** The problem **
In the material below, find the line containing "Watermelon Organic Soap ( Fresh cut slice)" and the line containing "ZIP CODE Postal". Output those two lines and all lines between them exactly, without pictures.

** Records for processing **
▶
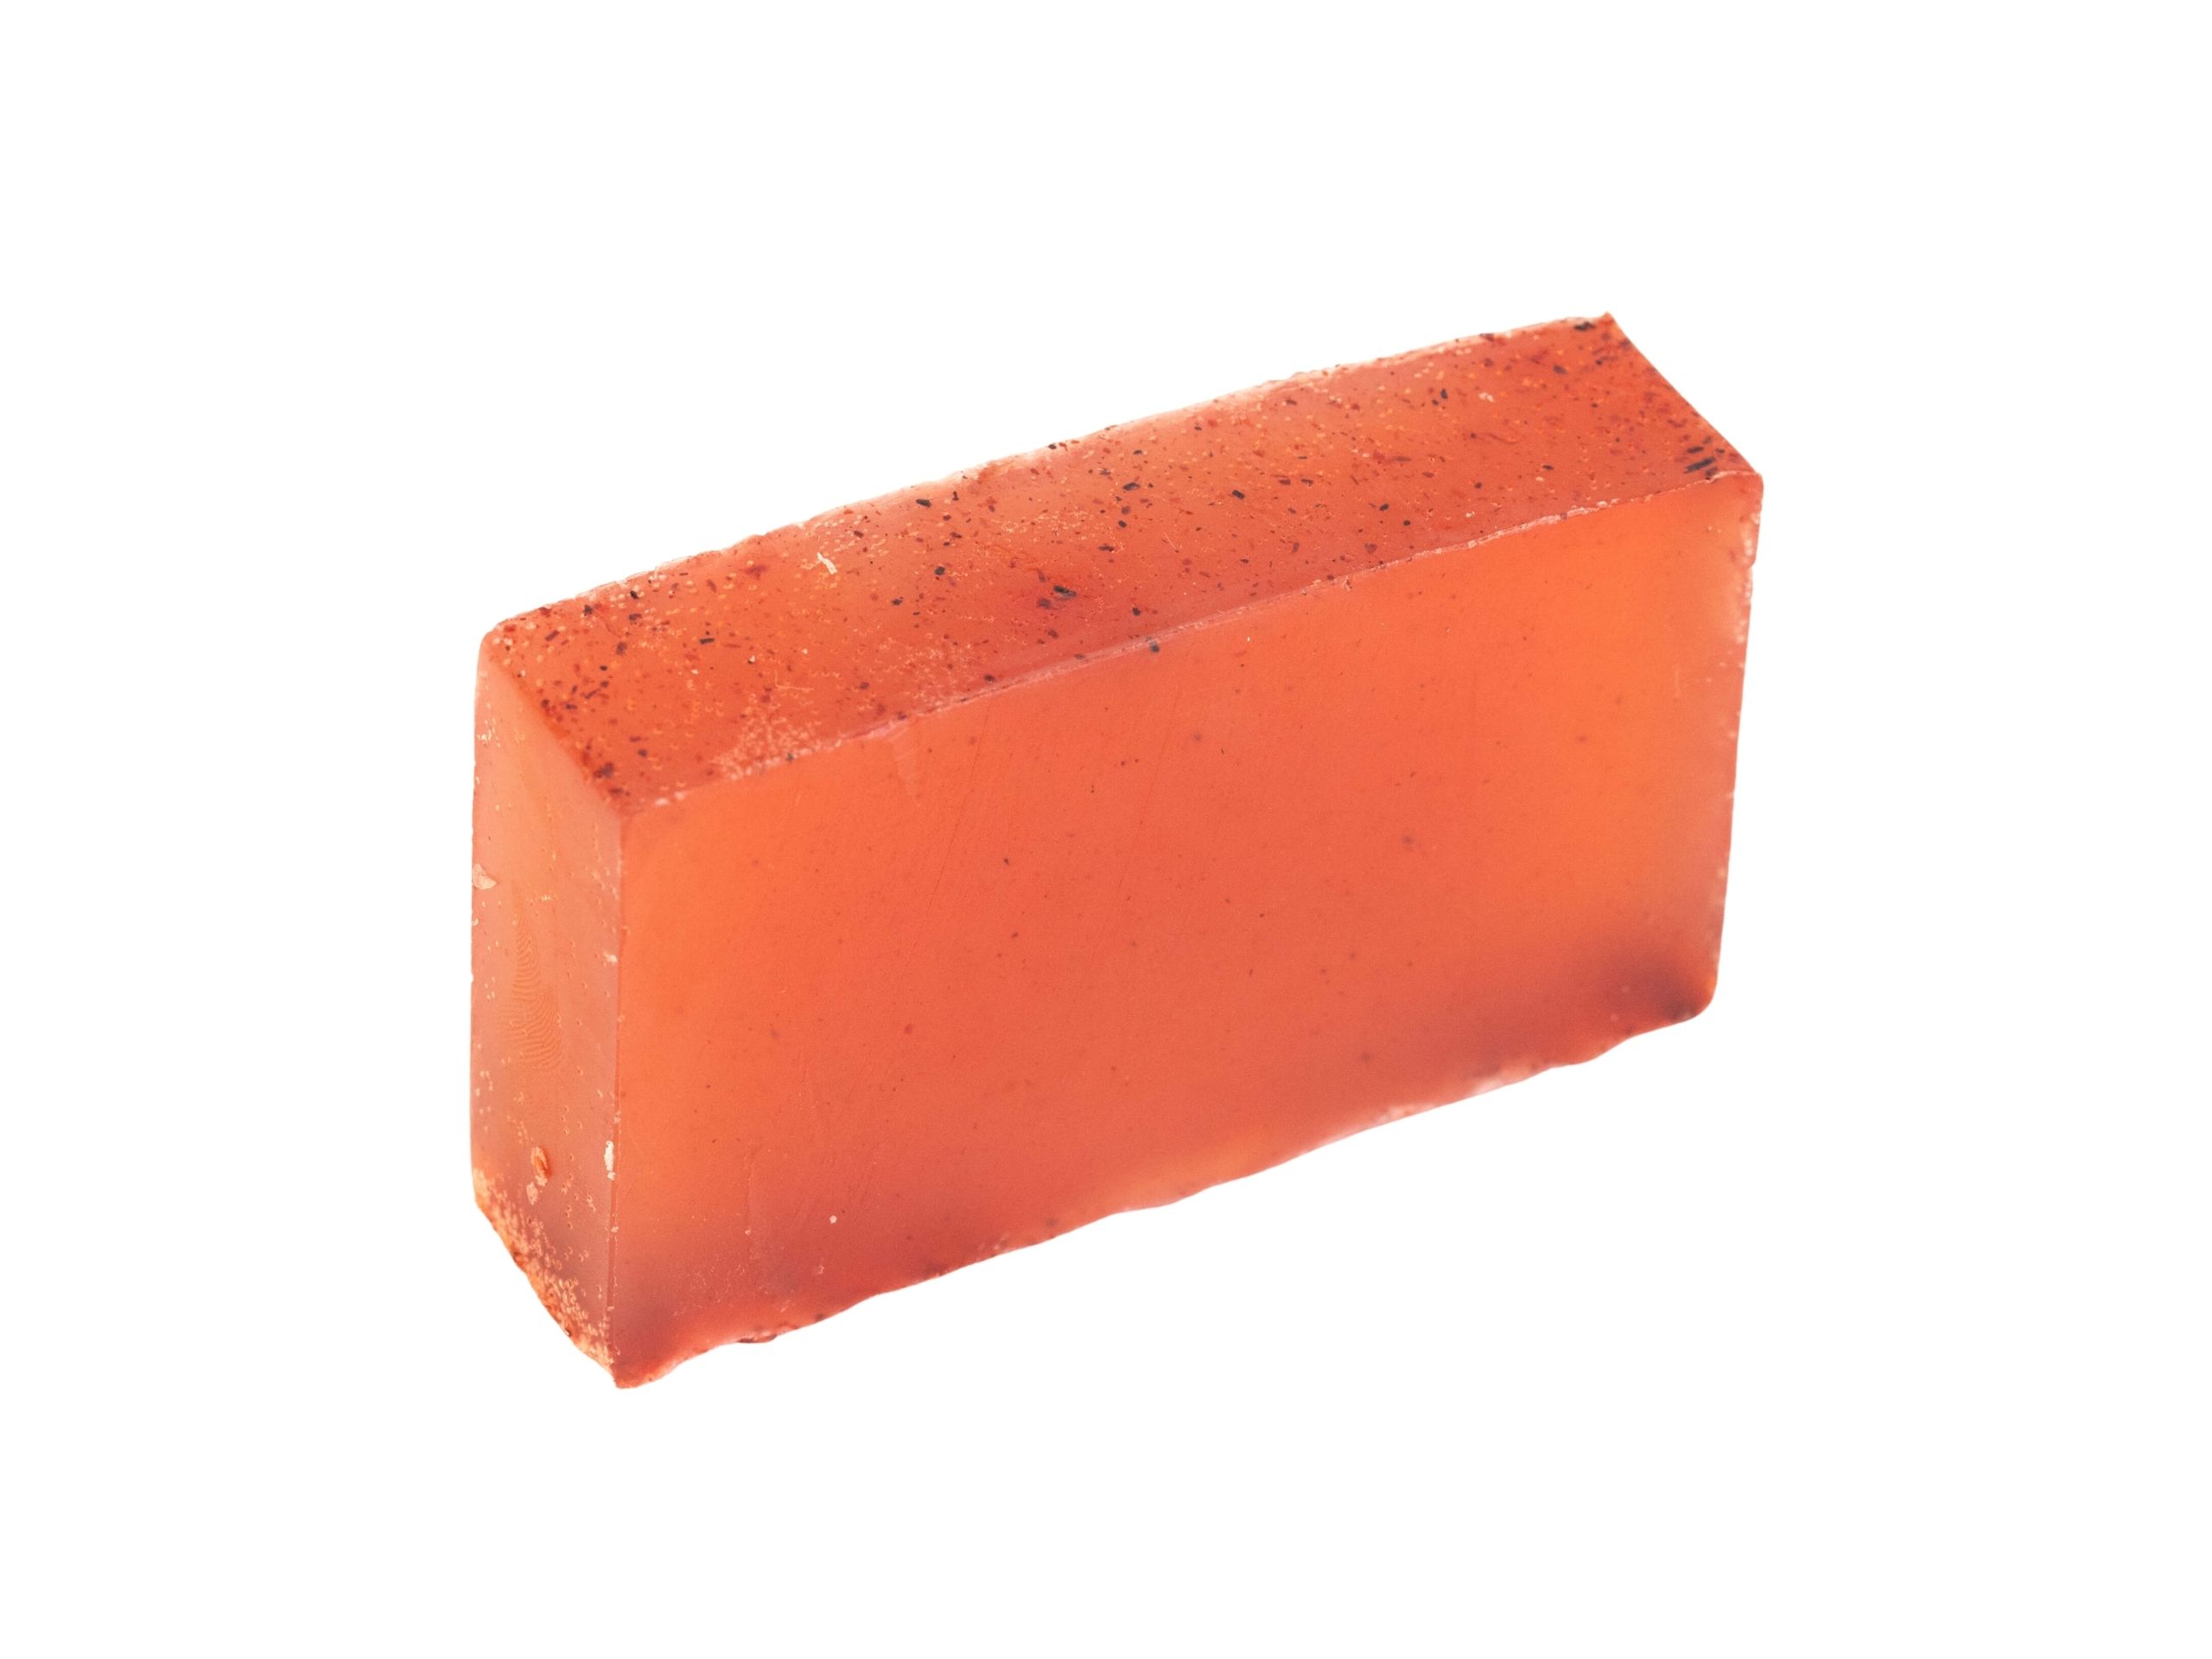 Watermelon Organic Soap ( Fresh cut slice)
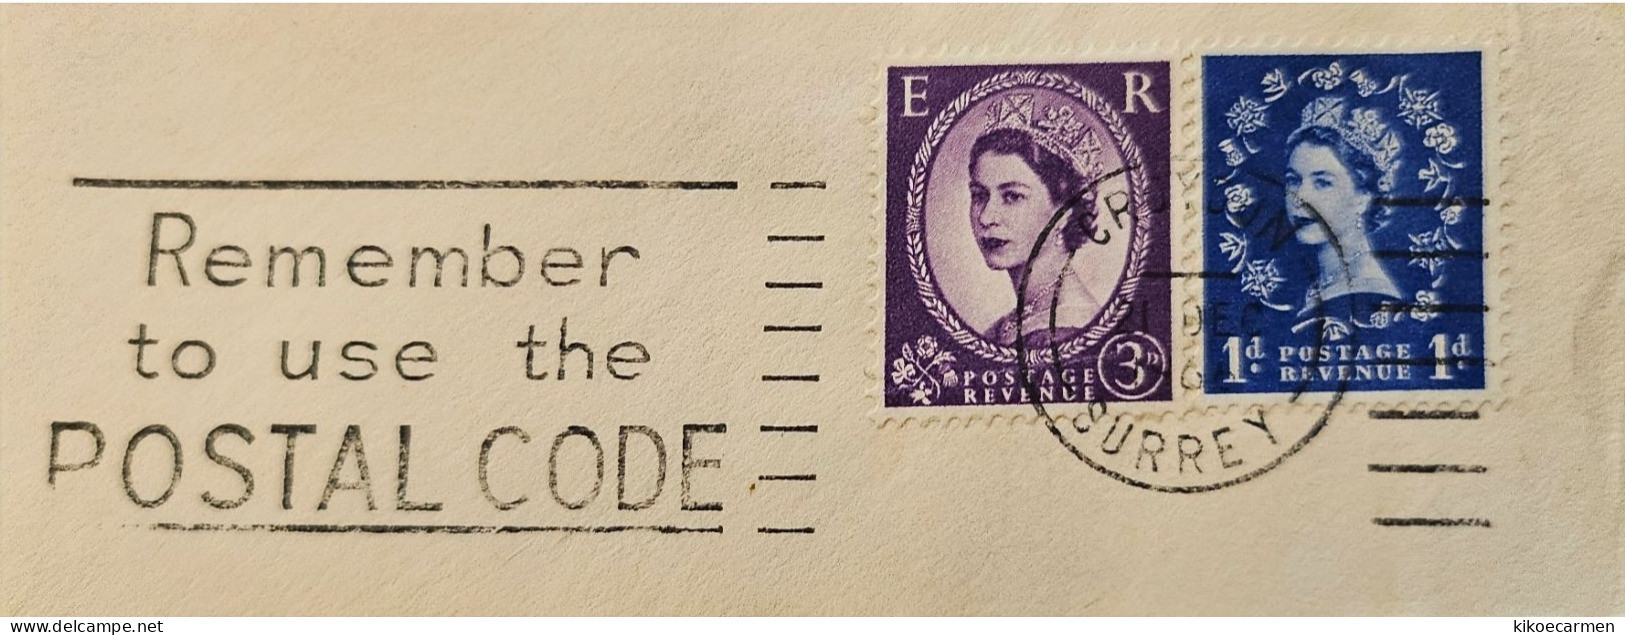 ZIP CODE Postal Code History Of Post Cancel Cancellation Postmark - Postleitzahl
◀
▶
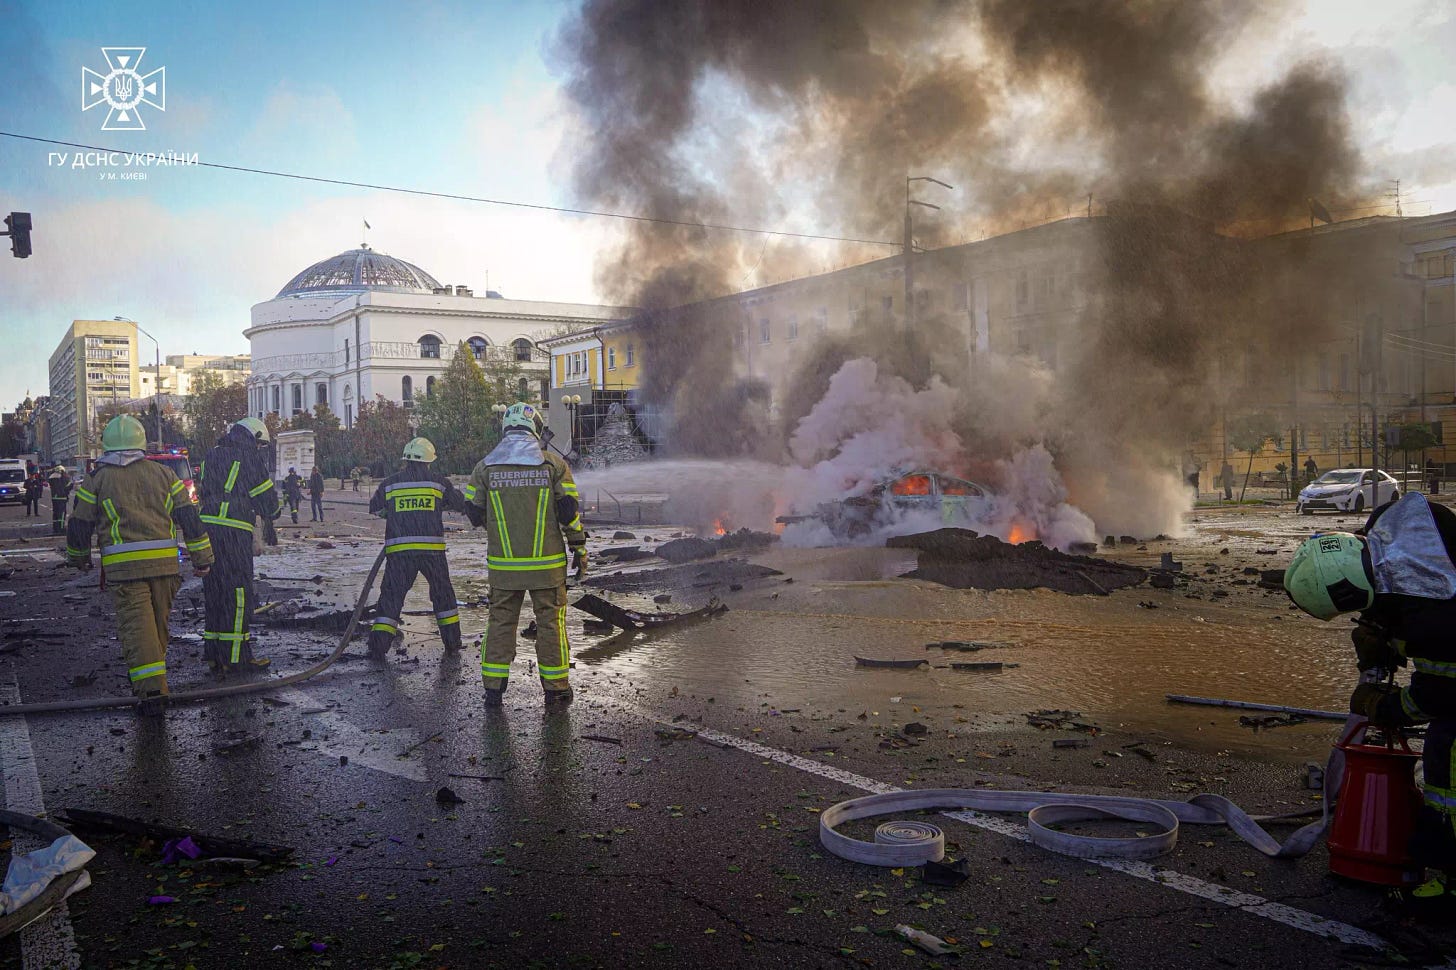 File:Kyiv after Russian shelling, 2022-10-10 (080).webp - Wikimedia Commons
◀
▶
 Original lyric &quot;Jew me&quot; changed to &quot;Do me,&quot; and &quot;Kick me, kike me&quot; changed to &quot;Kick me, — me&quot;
◀
** Written response **
 Watermelon Organic Soap ( Fresh cut slice)
 ZIP CODE Postal Code History Of Post Cancel Cancellation Postmark - Postleitzahl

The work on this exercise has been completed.